- _Dataset excerpt_

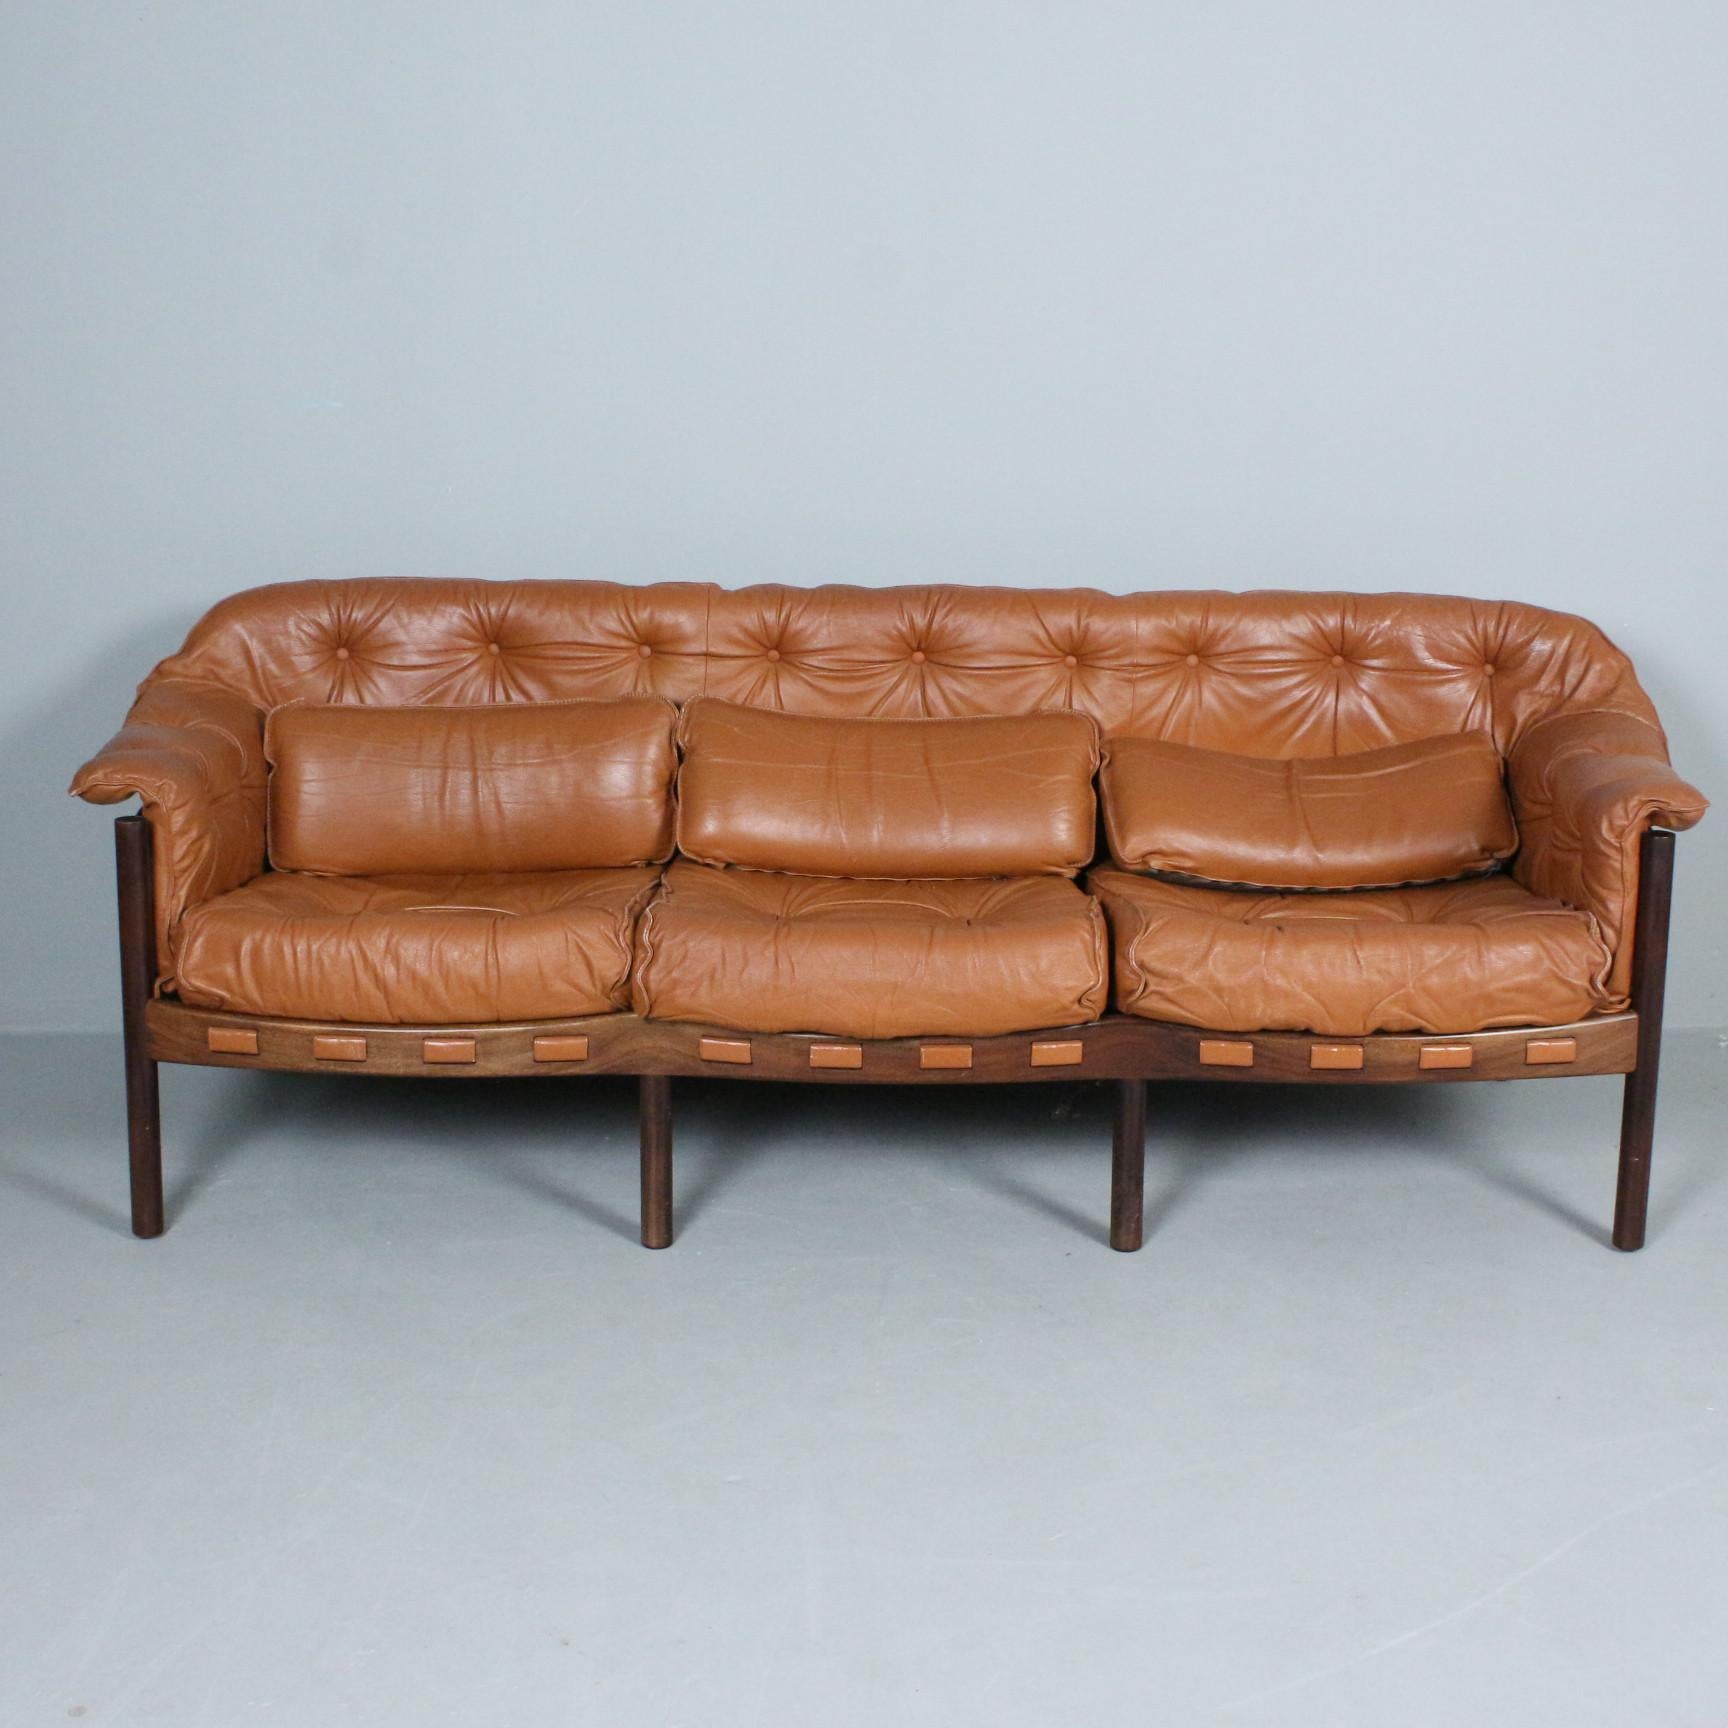 Arne Norell 3 seats Sofa  in Brown leather and wood for Coja made in Sweden around 1960
Good overall condition,
 2 matching model Armchairs/loungechairs available
Price for 1 sofa

- _What this task involves_
An exact copy of the listing above is to be set down, with no pictures in it.

- _Answer to this exercise_
 Arne Norell 3 seats Sofa  in Brown leather and wood for Coja made in Sweden around 1960
Good overall condition,
 2 matching model Armchairs/loungechairs available
Price for 1 sofa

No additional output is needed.